Kale stared at him. "What?"
"A terrible tragedy." Myss was almost whispering and the mushy sibilance in between words, Trig realized, was definitely laughter this time, accompanied by the faint metallic jingle of his piercings. "ICO Wembly found him in his cell this morning with his throat slashed. I'm the new skipper now." He stopped, and then his voice abruptly frosted over. "And alas, the terms of our deal have changed."
"You can't do that," Trig cut in, unable to hold back any longer. "Sixtus and our dad…"
"No, it's all right," Kale said, still not taking his eyes off Myss, and when he spoke again he sounded absolutely calm. "I'm just sorry things worked out this way."

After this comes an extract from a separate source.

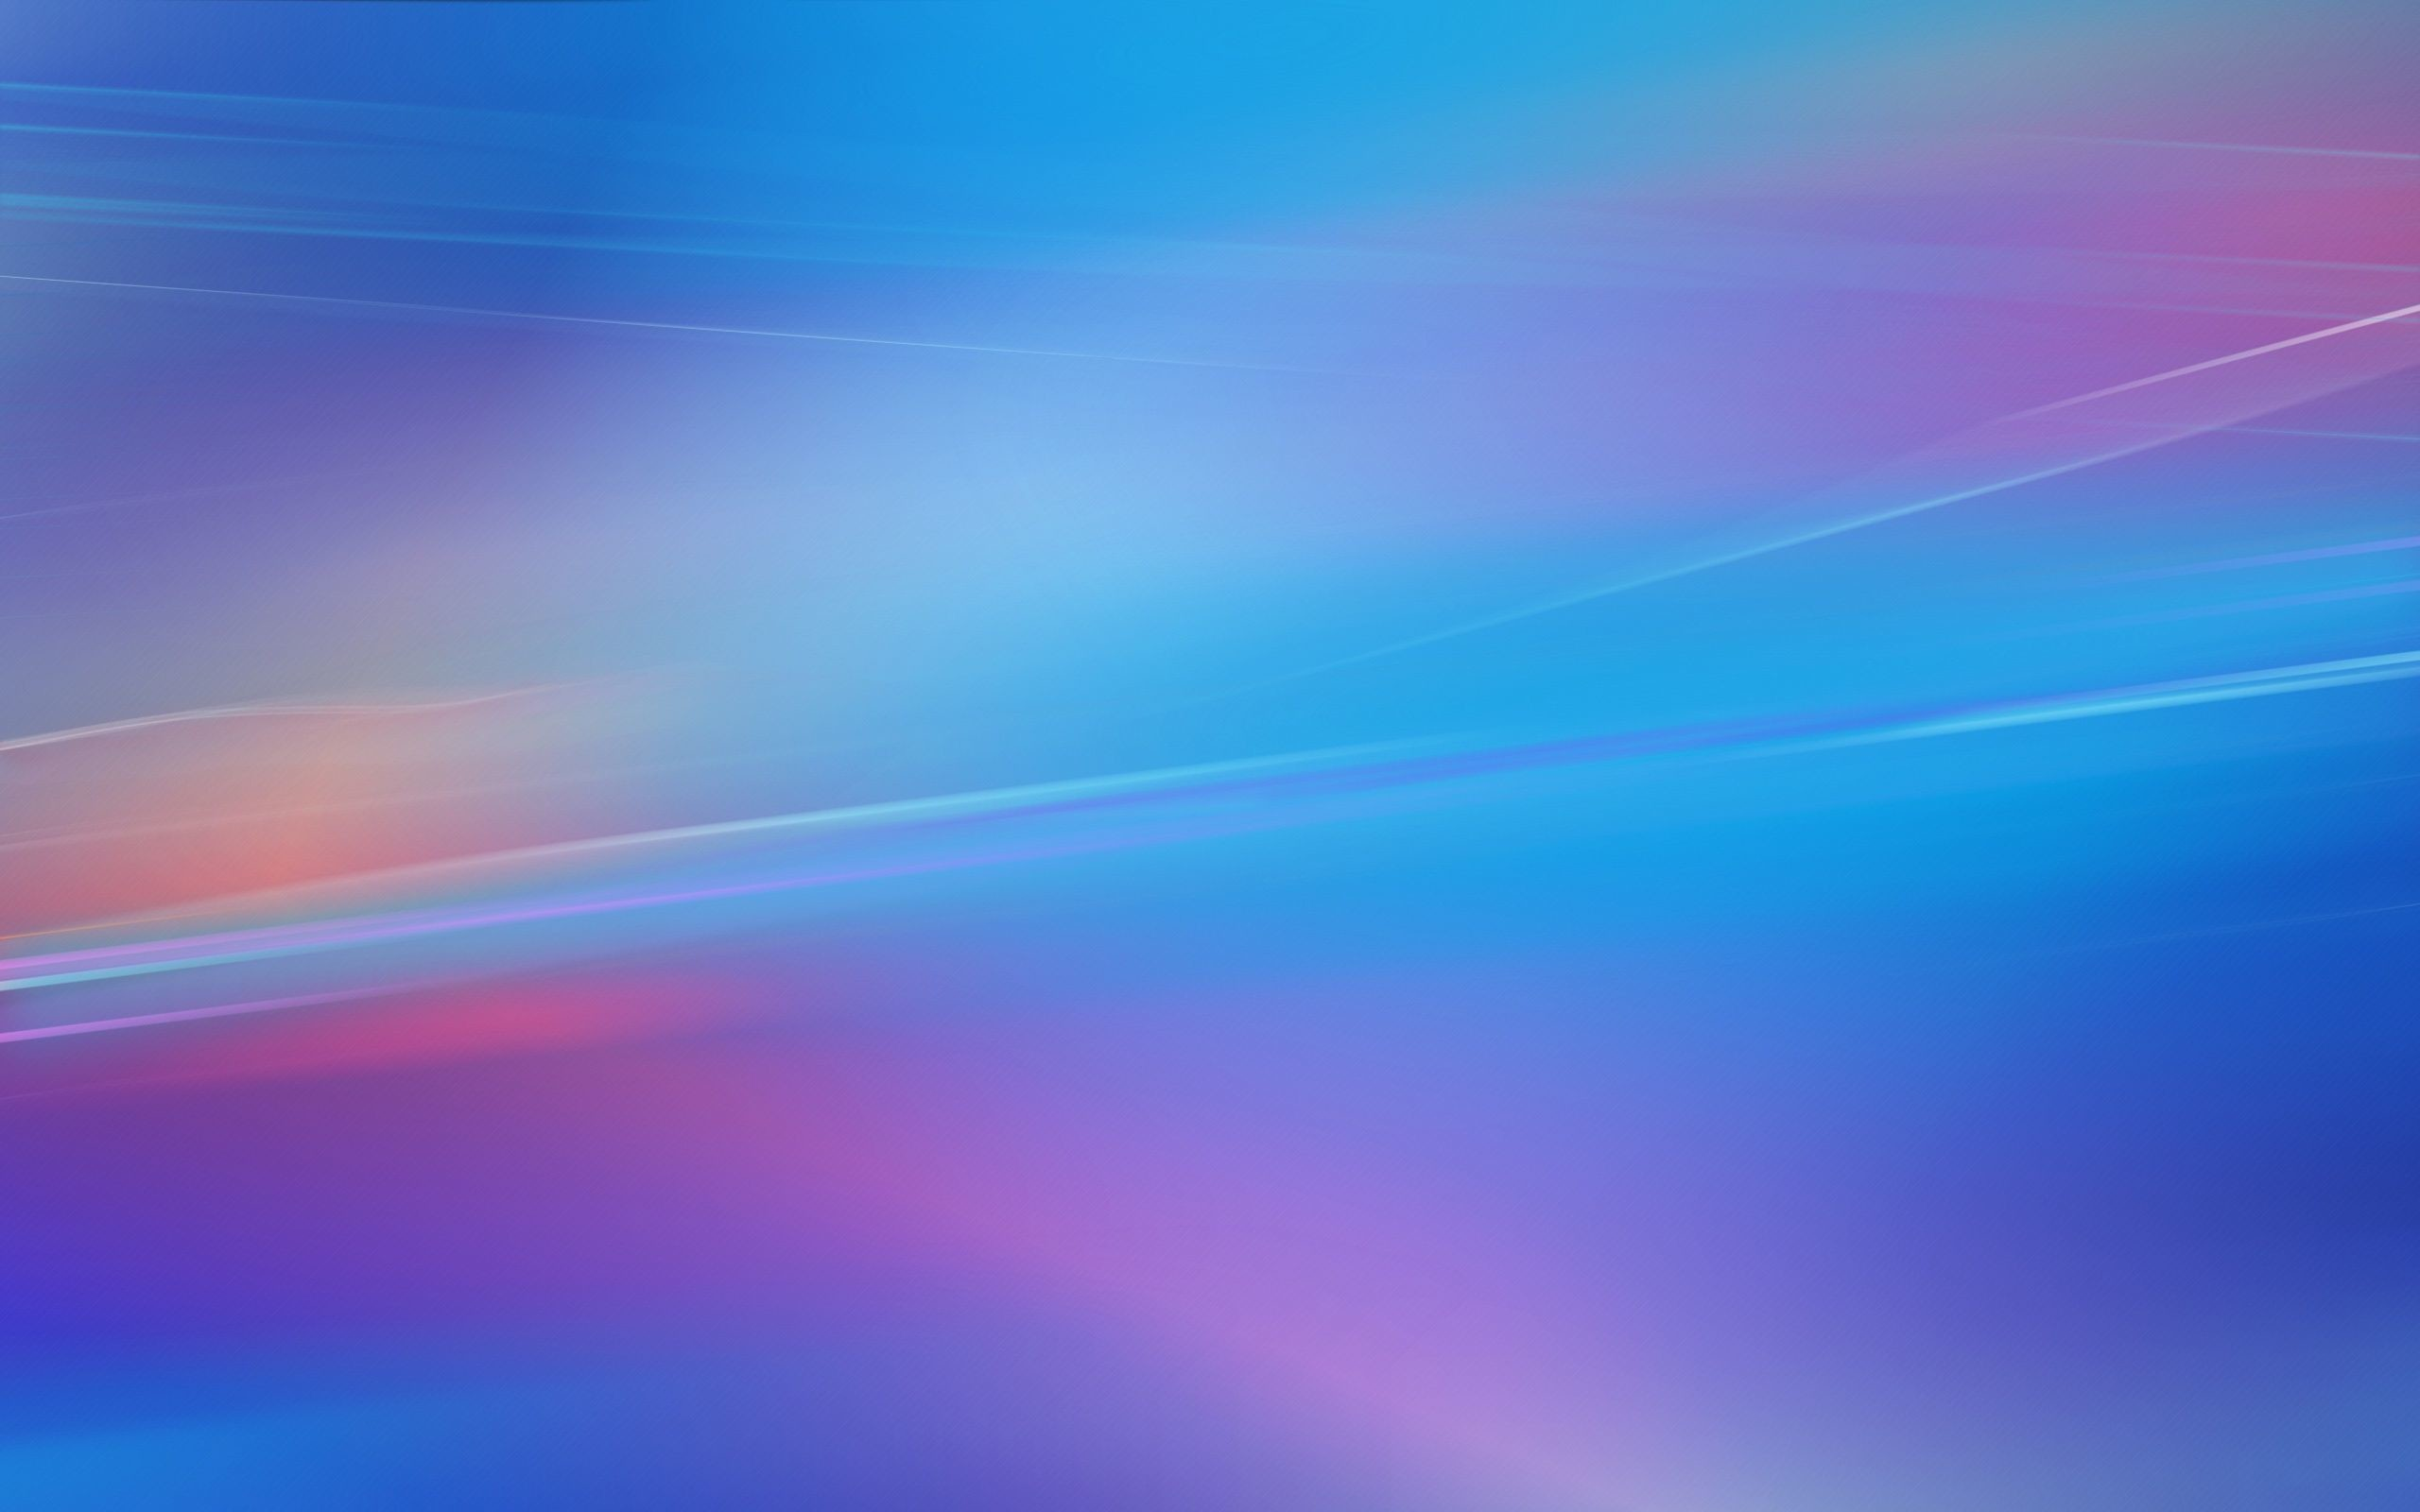 Solid Color Wallpaper – HD Wallpapers Pretty

Myss appeared genuinely curious. "Oh?"
"None of this is necessary." Kale's voice was so casual it was almost like listening to their father talk, that same mellifluous we-can-work-this-out inflection that had gotten them out of so many dicey exchanges in the past. "We've built a mutually beneficial relationship here, and it's crazy to jeopardize it with rash decisions."
"Rash decisions?"
Kale waved a hand in the air. "Of course we'll be happy to tell you where the blasters and power packs are hidden, free of charge. Take them with my compliments. Consider it my gift to you as the new leader of the Face Gang. And everyone walks out of here to do business another day."
"A generous proposal." Myss seemed to consider the idea for a long moment. "There's only one problem."
"What's that?"
Myss glanced at the Delphanian inmates slathering next to him on either side. "I already promised my men that they could kill you."
"I see." Kale hove up a dramatic sigh. "In that case, I guess we don't have a deal, huh?"
"No."
"I suppose there's only one thing left to do."
Aur Myss tilted his chin upward slightly. "And that would be?"
At first none of them moved, and Trig had no idea what was going to happen. Then, before he realized it, Kale's hand blurred forward, moving faster than Trig could even see, his fingers hooking down to rip the piercings out of Myss's face.
The Delphanian shrieked in surprise and pain and one of his hands flew up to cover his wounded, spurting lips and nose. Simultaneously the two inmates who had been flanking him burst forward in a rush, and Kale grabbed his brother's shoulder, spun him hard around, and thrust him back in the direction they'd come.
"Run," Kale shouted, and they did, Trig first, Kale behind him, both of them flying back up the corridor they'd just come down. Behind them the Delphanians' boots clanged off the metal floor, and Trig could hear them shouting, coming closer. There was no way he and his brother could possibly outrun them. And even if by some quirk of fate they did escape, Aur Myss would be waiting for them tomorrow and the next day and-
Rounding the bend, Trig almost collided with a guard standing directly in front of him. The ICO put up both hands in a reflexive warding-off gesture, and the sudden stop that kept Trig from slamming into him was followed an instant later by Kale hitting him from behind.
"What's going on here?" the guard asked.
"Nothing, sir, we just. " Trig started, and it occurred to him that there was no reason why the guards should be this far down the walkways to begin with.
And then, between the pounding rhythm of his own heart, he realized something else.
The Purge had fallen absolutely silent.
The vibrations that had unsettled him, broadcasting their emanations up through the bones of his feet, ankles, and knees, had gone completely still.
For the first time since he'd come aboard, the engines had stopped.